You can find the (68MB) file I'm using here.

You can find both of the below code files on GitHub here.

Go implementation

Here is the Go implementation:

package main

import (
	"bufio"
	"fmt"
	"os"
)

func main() {
	lineChan := make(chan string, 16)

	// ------------------------------------------------------------------------------
	// Loop over the input file in a separate fiber
	// ------------------------------------------------------------------------------
	go func() {
		defer close(lineChan)

		gcFile, err := os.Open("Homo_sapiens.GRCh37.67.dna_rm.chromosome.Y.fa")
		defer gcFile.Close()
		if err != nil {
			panic(err)
		}

		scan := bufio.NewScanner(gcFile)
		for scan.Scan() {
			line := scan.Text()
			lineChan <- line
		}
	}()

	at := 0
	gc := 0

	for line := range lineChan {
		if line[0] == '>' {
			continue
		}

		for _, chr := range line {
			switch chr {
			case 'A', 'T':
				at += 1
				continue
			case 'G', 'C':
				gc += 1
				continue
			}
		}
	}

	var gcFrac float64
	gcFrac = float64(gc) / float64(at+gc)
	fmt.Printf("GC fraction: %f\n", gcFrac)
}

Compile and run with e.g.:

GOMAXPROCS=4; go build -o gcgo gc.go
./gcgo

Crystal implementation

... and here is the same functionality, implemented in Crystal:

lines_chan = Channel(String).new(16)

# ------------------------------------------------------------------------------
# Loop over the input file in a separate fiber (and thread, if you set the
# CRYSTAL_WORKERS count to something larger than 1), and send its output on a
# channel
# ------------------------------------------------------------------------------
spawn do
  gcfile = File.new("Homo_sapiens.GRCh37.67.dna_rm.chromosome.Y.fa")                                      
  gcfile.each_line() do |line|                                                                            
    lines_chan.send(line)                                                                                 
  end                                                                                                     
  gcfile.close 
ensure  
  lines_chan.close
end

# ------------------------------------------------------------------------------
# Loop over the lines on the channel in the main thread, and count GC fraction.
# ------------------------------------------------------------------------------
at = 0
gc = 0
while line = lines_chan.receive?
  if line.starts_with?('>')
    next
  end
  line.each_byte() do |chr|
    case chr
    when 'A', 'T'
      at += 1
      next
    when 'G', 'C'
      gc += 1
      next
    end
  end
end

# ------------------------------------------------------------------------------
# Output results
# ------------------------------------------------------------------------------
gcfrac = gc / (gc + at)
puts "GC fraction: #{gcfrac}"

Note that to run the Crystal program with true multi-threading, you have to send a flag: -Dpreview_mt, to use it.

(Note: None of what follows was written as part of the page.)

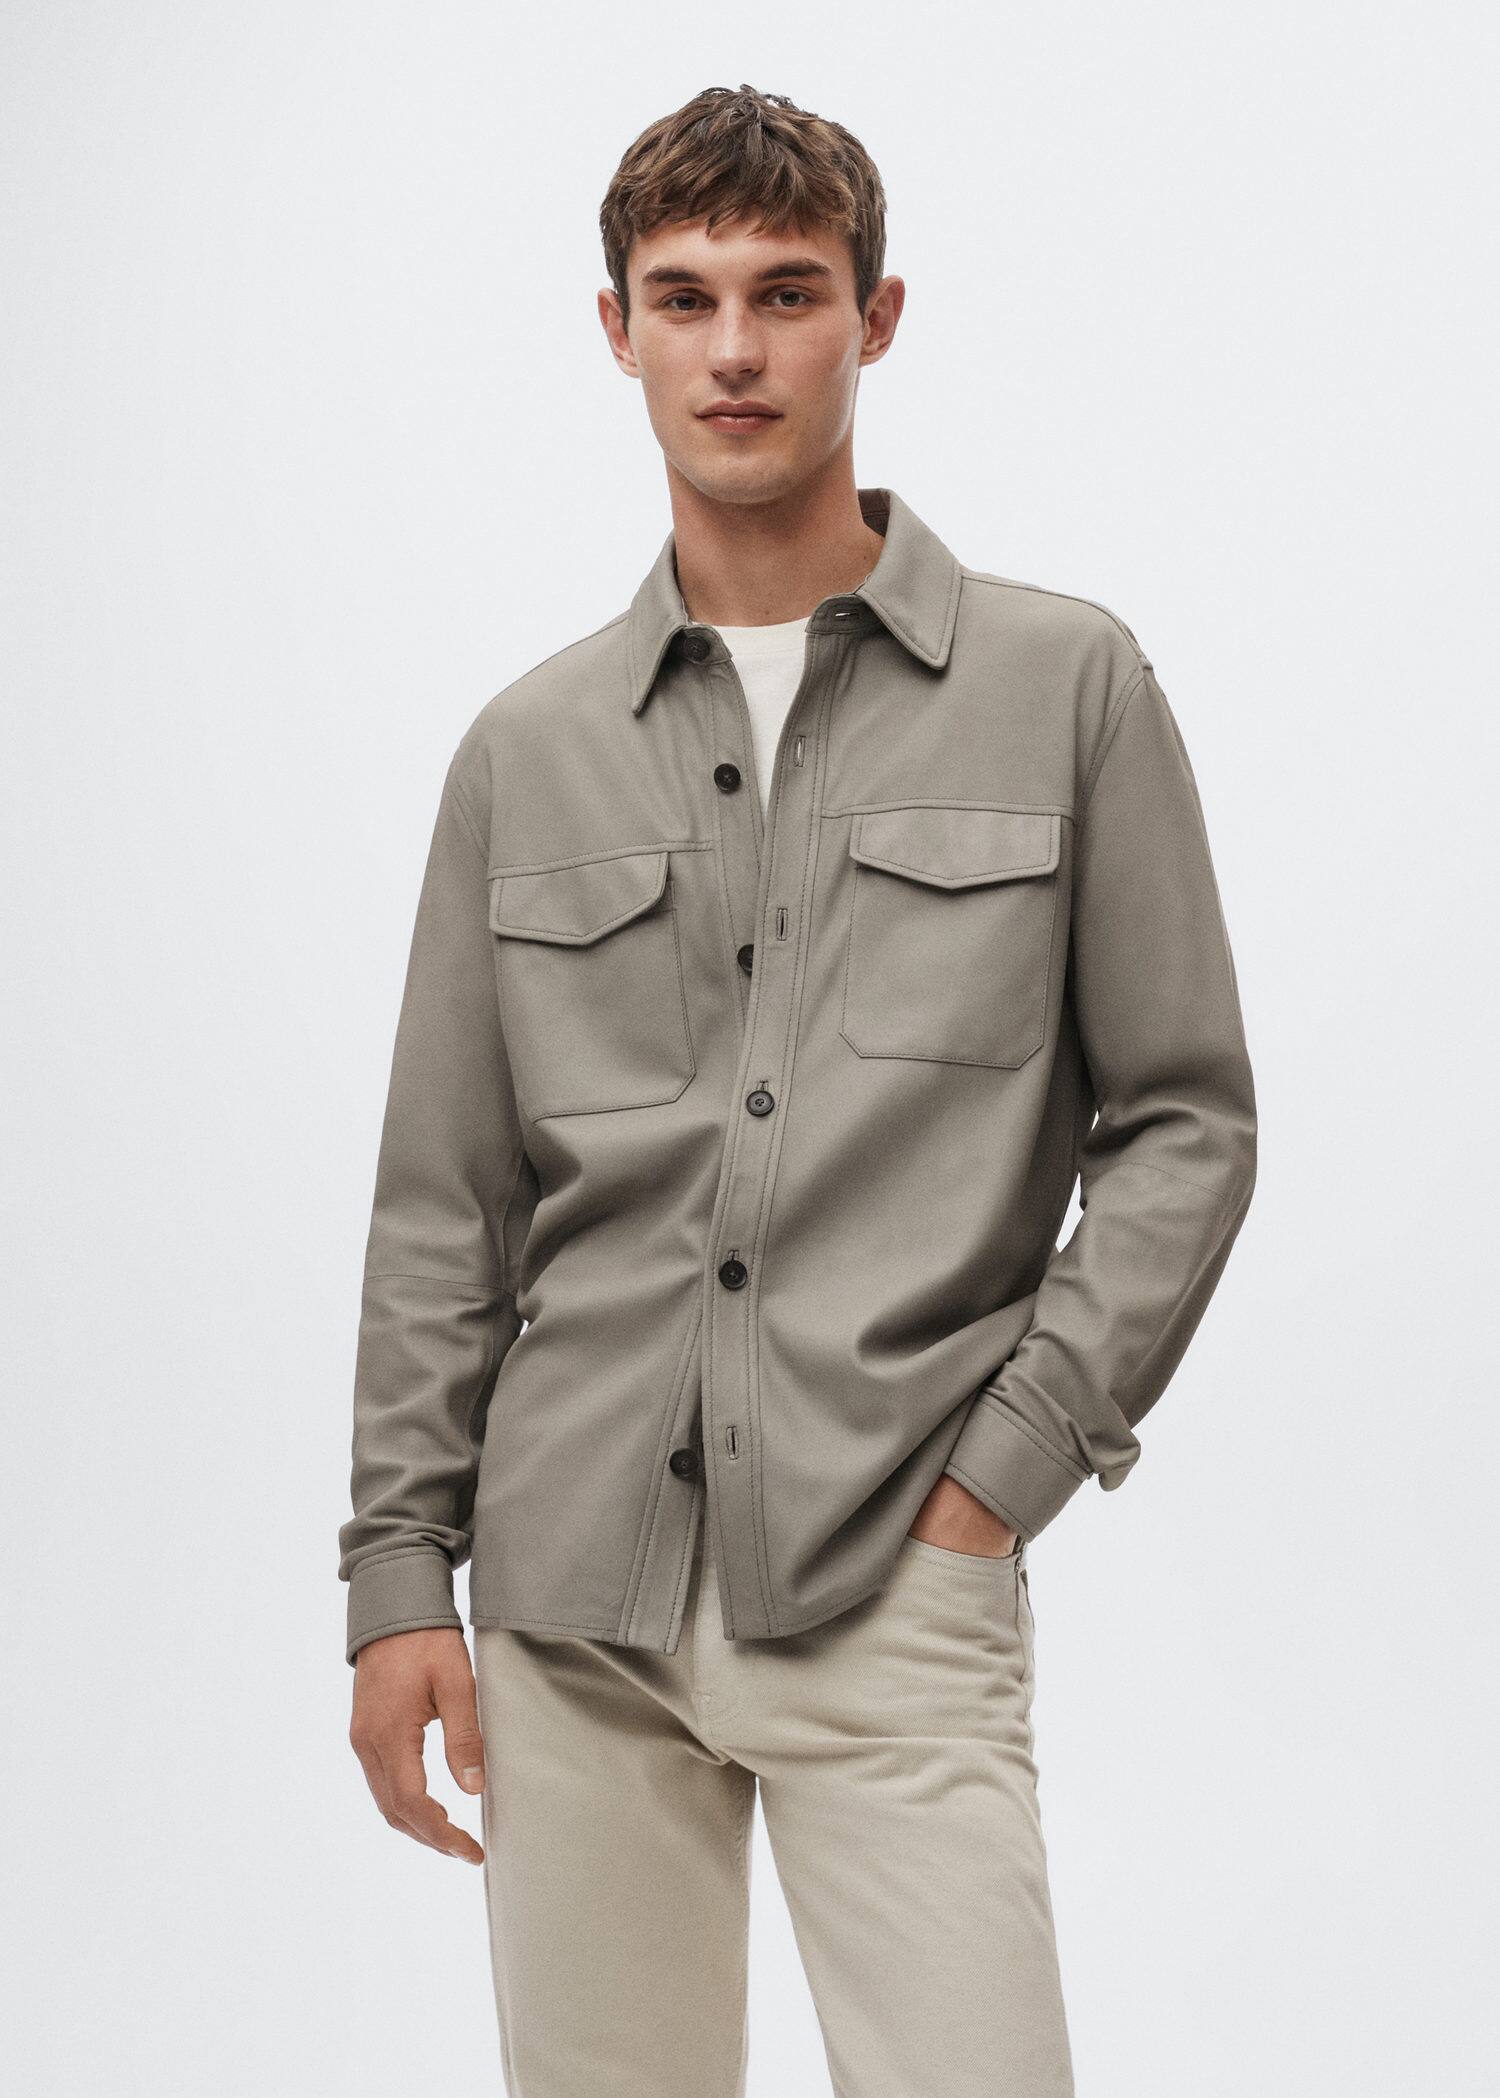 Leather overshirt with pockets - Medium plane

Compile and run with e.g.:

CRYSTAL_WORKERS=4; crystal build --release -Dpreview_mt -o gccr gc.cr
./gccr

Some differences

We can note a few differences:

Conclusion

I think it is a bit early to draw to hard conclusions between the two langauges, as Crystal is so new, and this is just a very first test by me. But I find it interesting to have two languages with a similar set of concurrency primitives, to be able to compare various factors, as well as approaches taken.

Crystal looks like a promising alternative to Go, for concurrency use cases which allows writing in a much more script-like syntax. This could potentially make it a really interesting language for scientific fields such as bioinformatics, something that bioinformatics luminary Heng Li has been blogging about (and pointed out a problematic area for deployment, currently).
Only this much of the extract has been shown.